In all suspected heroin samples (Table 2, samples 17–24) the opiates heroin, 6-acetylmorphine, acetylcodeine, papaverine, and noscapine, and the extender substances caffeine, acetaminophen, alprazolam, and phenolphthalein were found by ESI–MS and confirmed by GC–MS. Traces of meconine, (acetyl)thebaol, and hydrocotarnine were detected solely by GC–MS.

Samples 25 to 34 (Table 2) were seized designer drugs containing amphetamine derivatives. The results obtained by ESI–MS were, in all except one instance, confirmed by GC–MS. In sample 34 traces of MDMA were found by ESI–MS that were not detectable by GC–MS.

Hashish and marihuana preparations contain the cannabinoid Δ-9-tetrahydrocannabinol (THC) as the main psychoactive component. This compound was unequivocally identified by ESI–MS in all the samples analyzed (Table 2, samples 35–39). Other cannabinoids produced by the cannabis hemp plant were detected by GC–MS only.

Conclusions

ESI–QqTOF-MS and ESI–QqTOF-MS/MS combined with mass-spectral library search is a powerful tool for “general unknown screening”. The proven accuracy of the measurement of precursor ion masses and of the corresponding fragment-ion masses (mass measurement error is typically in the range of a few ppm) ensures a low probability of false positive matches. Hence, in comparison with the low-resolution instruments commonly used for mass-spectral library search approaches, greater identification accuracy can be achieved by use of TOF instruments.

The established mass-spectral library contains production spectra of 319 reference compounds. For each compound reference spectra were collected at ten different CE values between 5 eV and 50 eV. A library search algorithm was developed that includes a unique purity control option. This option was found to be advantageous for the identification of several compounds in a single product-ion mass spectrum.

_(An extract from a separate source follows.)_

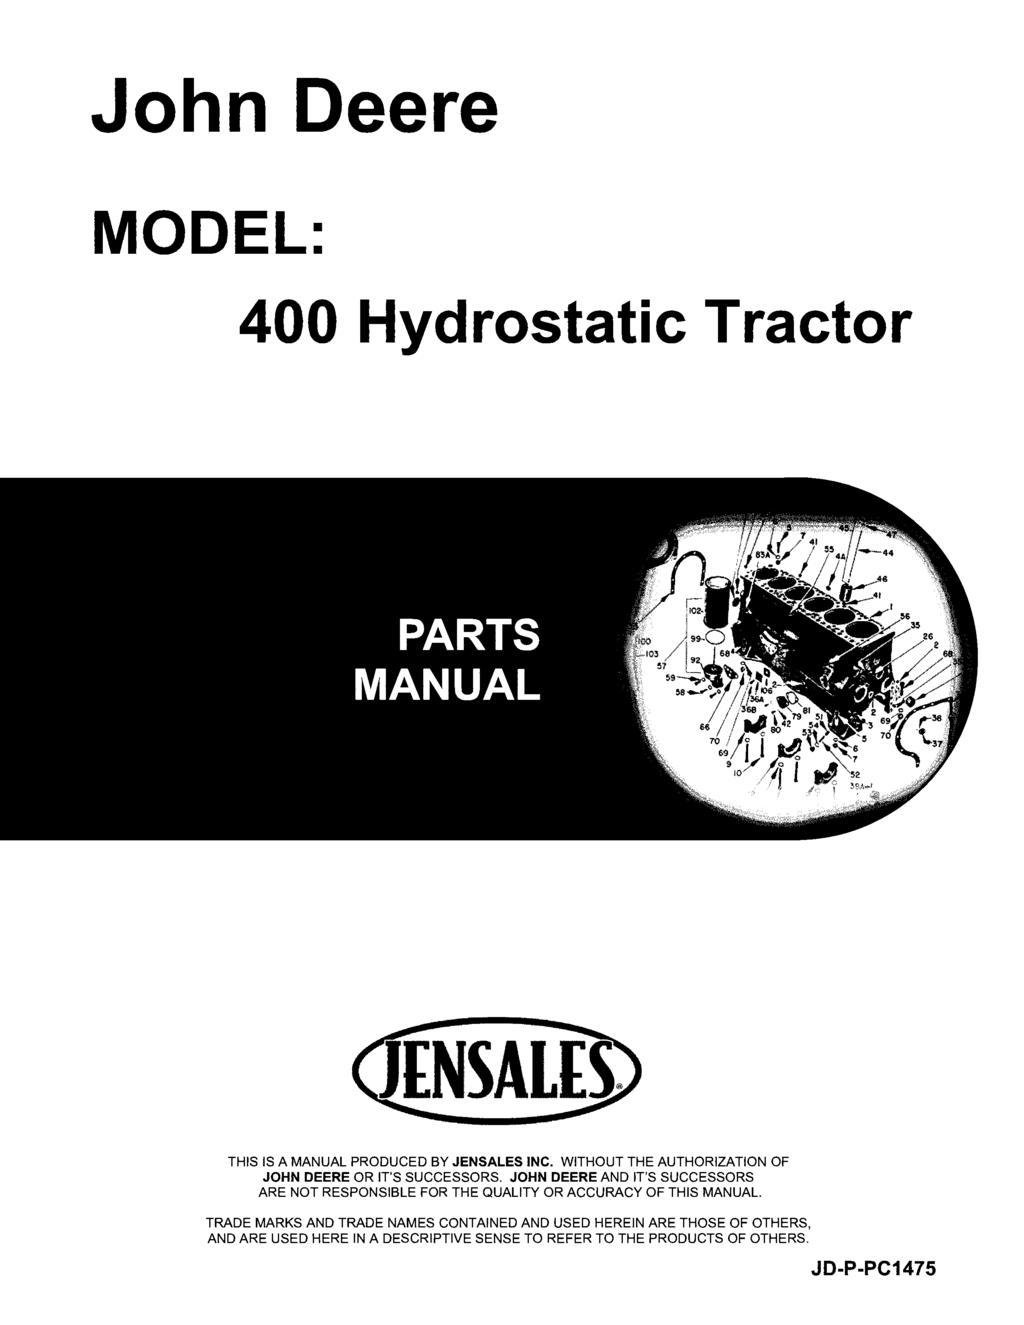 John Deere MODEL: 400 Hydrostatic Tractor THIS IS A MANUAL PRODUCED BY JENSALES INC. WITHOUT THE AUTHORIZATION OF JOHN DEERE OR IT'S SUCCESSORS.

The library search approach was applied to 39 real samples. GC–MS was used to check the results obtained. Comparison of the results reveals that ESI–MS and GC–MS are both valuable tools for characterization of drugs. Nevertheless, none of the two techniques was able to detect and identify all the different compounds present in the samples. Depending on their chemical properties and their contents, several compounds were preferentially or solely detected by one of the two ionization techniques. Hence, the combined use of the two complementary techniques (GC–MS and ESI–MS) is the best approach for forensic “general unknown screening”.